Go back to Conditional Formatting, back to Highlight Cell Rules, Greater Than, and let's say all cells that are greater than 900, click the down arrow, we want a custom format and let's go over here to fill and let's choose say a dark navy blue fill, go to Font and we want a white font so we'll have a reverse effect, and click OK. Click OK and deselect and now we can see that the darker blue is a very dark blue with a reverse white.
So we can have some more control over this. Well, let's say we wanted to create our own rules from scratch. Now first thing we want to do is we want to wipe out all of the rules here and easiest way to do that is go up here to Conditional Formatting > Clear Rules and Clear Rules from Entire Sheet. That wipes it out. So the sheet is like it was when we first opened it. And scroll up if you want. Again click the down arrow in the name box and choose the data area and go to Conditional Formatting and down over here choose New Rule and most of these are like what we found under the automatic conditional formats but here we have a little bit more control.
So over here let's choose Format cells based on their values and instead of a 2-Color Scale, let's do a 3-Color Scale and you might do this if there are particular colors that you need. Maybe your company or your client has a certain color scheme and maybe you want to use that particular scheme when you're formatting cells. So for the 3-Color Scale, let's say the minimum value should be a pale blue, the midpoint should be maybe a medium blue and the maximum value should be let's say a dark blue and you can see a preview there.
Click OK and deselect if you want. So, now we can see that scale. But maybe we want those highest numbers like these are kind of hard to read. We want that to be maybe a different color. Maybe with a white text on a dark background. So again let's select that area. Don't remove the formatting, leave the formatting, just select the area. Let's go back to Conditional Formatting and let's choose New Rule and let's go over here and select Format only cells that contain, and over here where it says Format only cells with, let's choose a value that is greater than or equal to and let's make that value say 900 and let's apply a format.

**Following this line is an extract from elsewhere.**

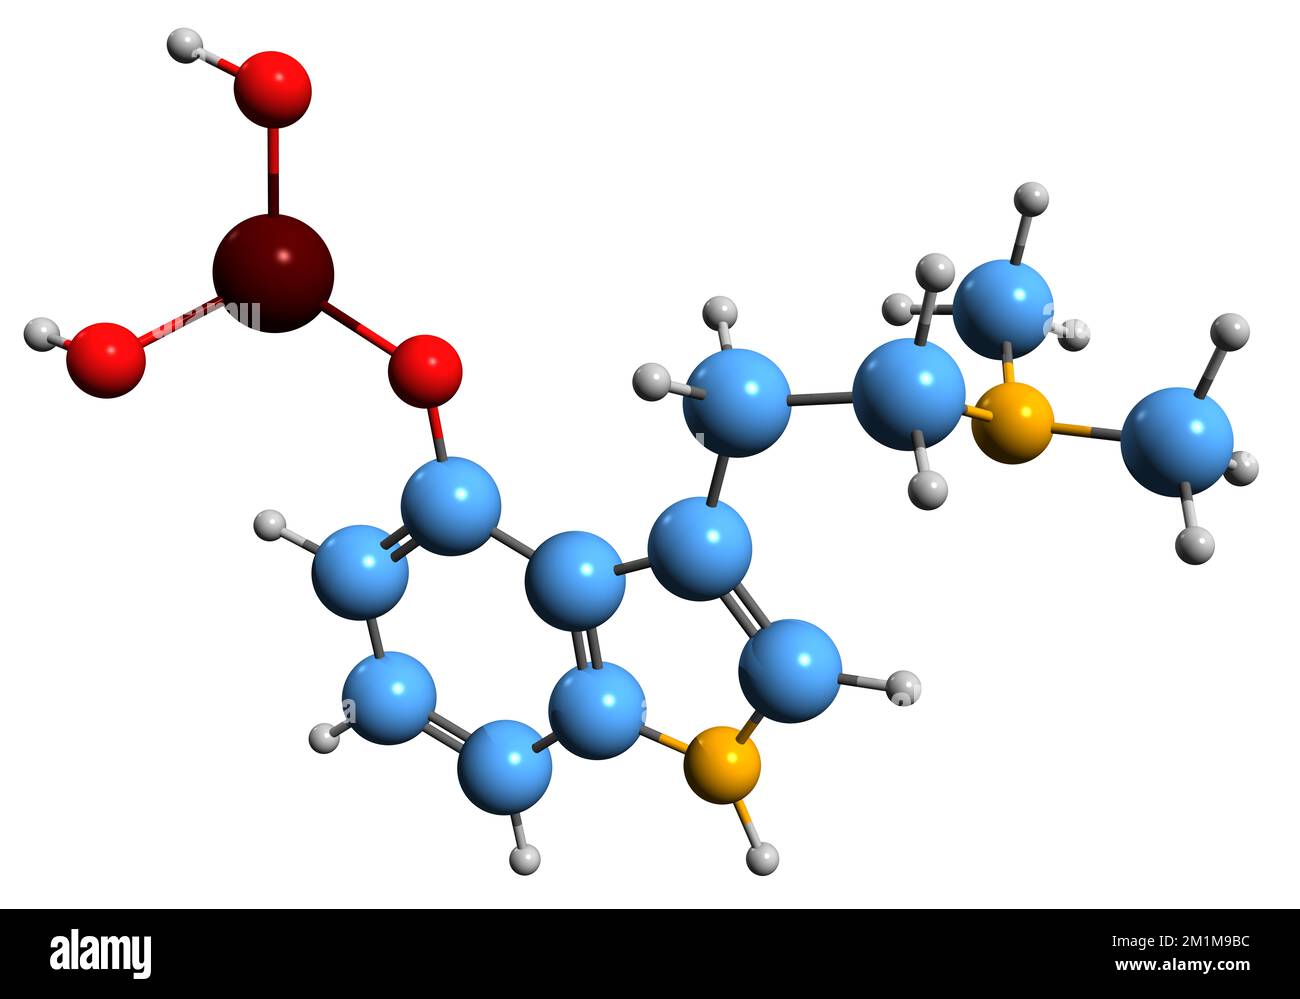 3D immagine della formula scheletrica della psilocibina - struttura chimica molecolare del profarmaco psichedelico Psilocibe isolato su sfondo bianco Foto Stock
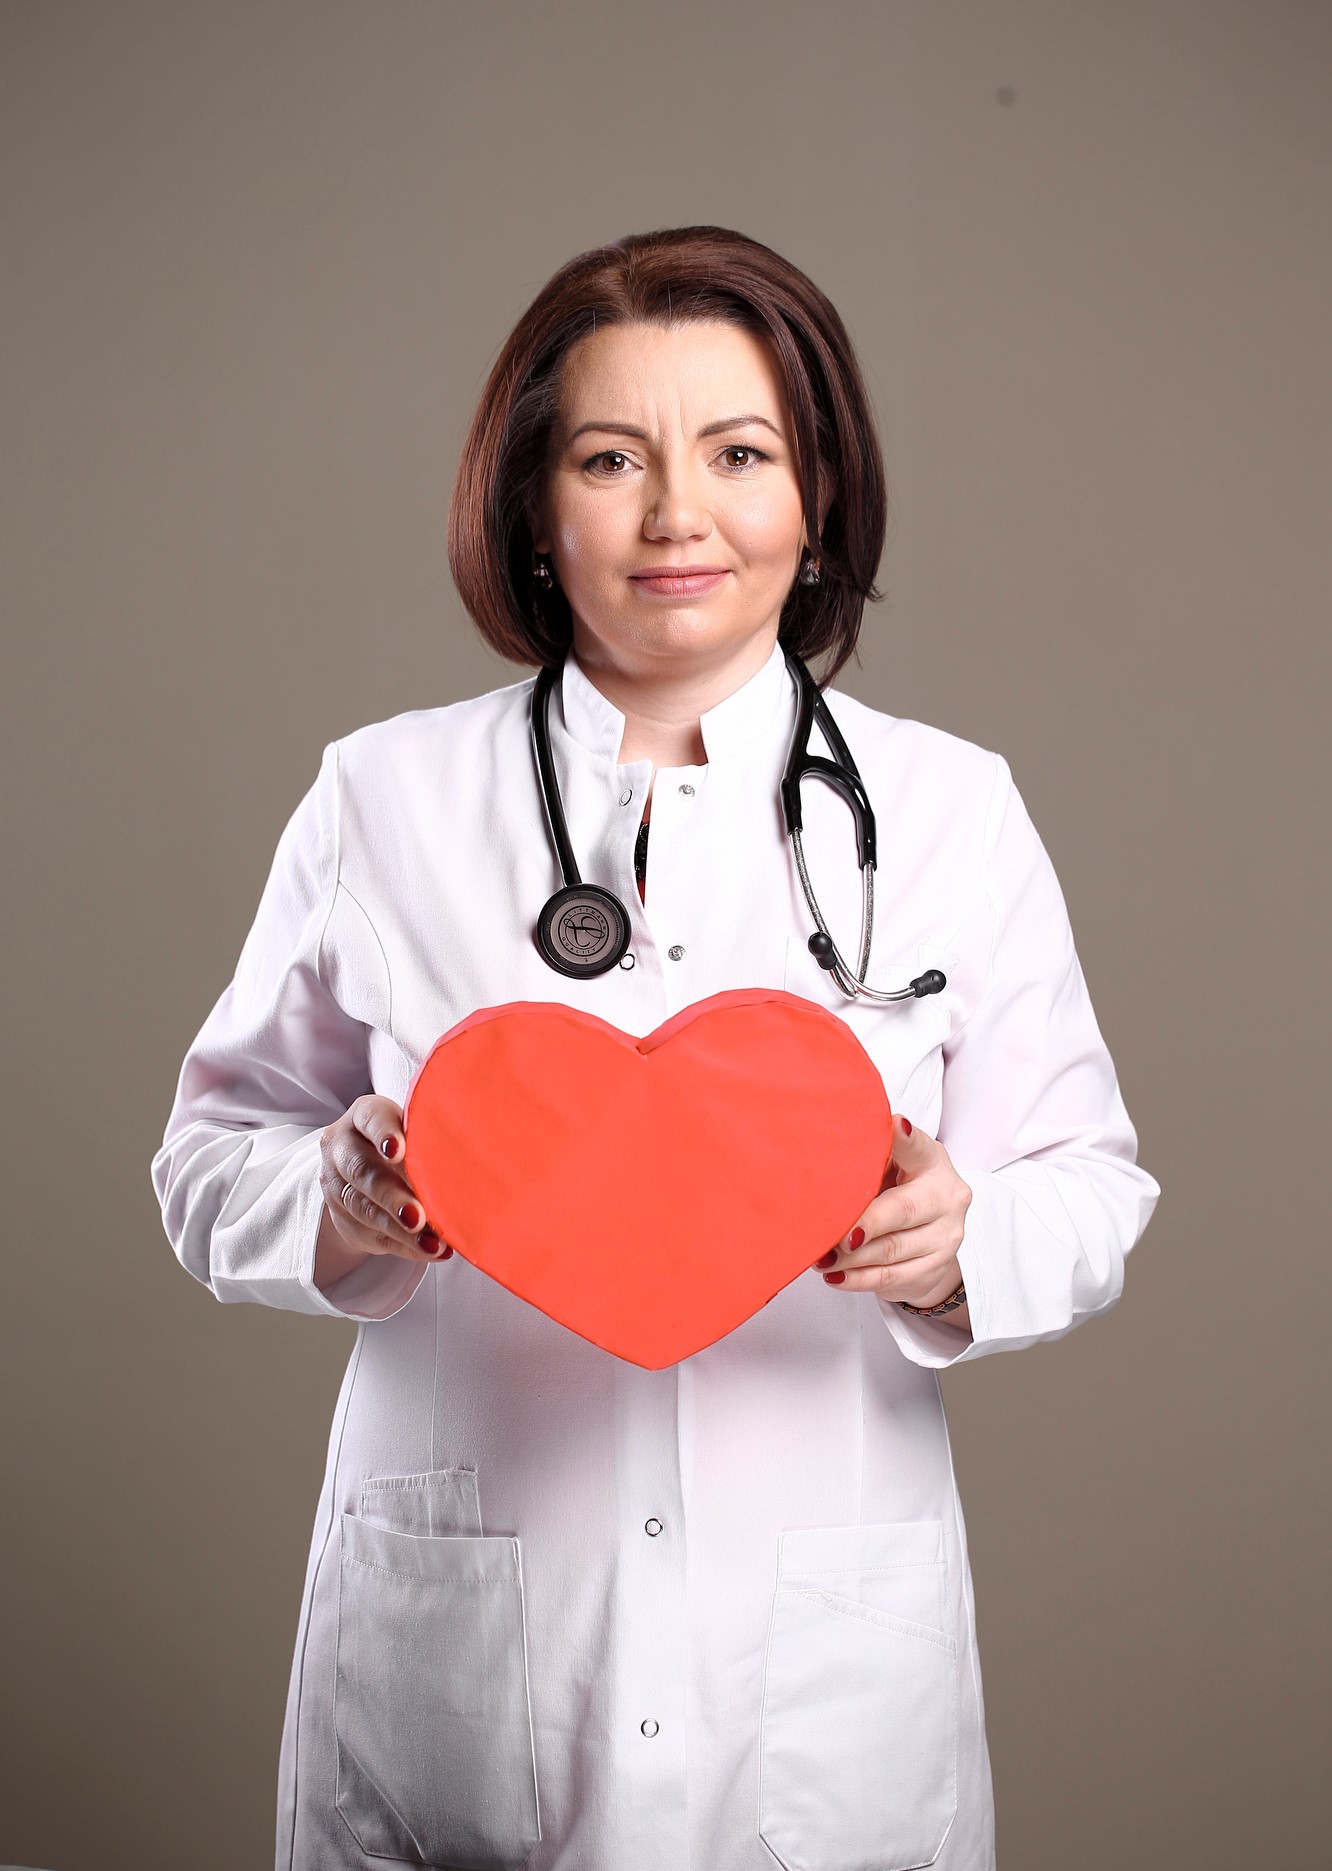 Despre bolile cardiace „la feminin”: „Pe glob sunt peste 3 miliarde de inimi care bat și suferă în mod aparte”

It's custom format over here and let's choose a fill that's maybe in a dark maroon and a font that is white in color, bolded, click OK, and see the preview there. Click OK and deselect. And there you could see that those highest numbers have a completely different format because we are able to do that in a custom manner. One more thing. Let's select that data area, go back to Conditional Formatting, and go down here to Manage Rules.
And this way, you can see what all those rules are, the order that they are applied in, you could edit them at any time, you could delete them and you could always add a new rule right here if you want. So custom conditional formatting is a really great powerful tool if you want to do some data analysis.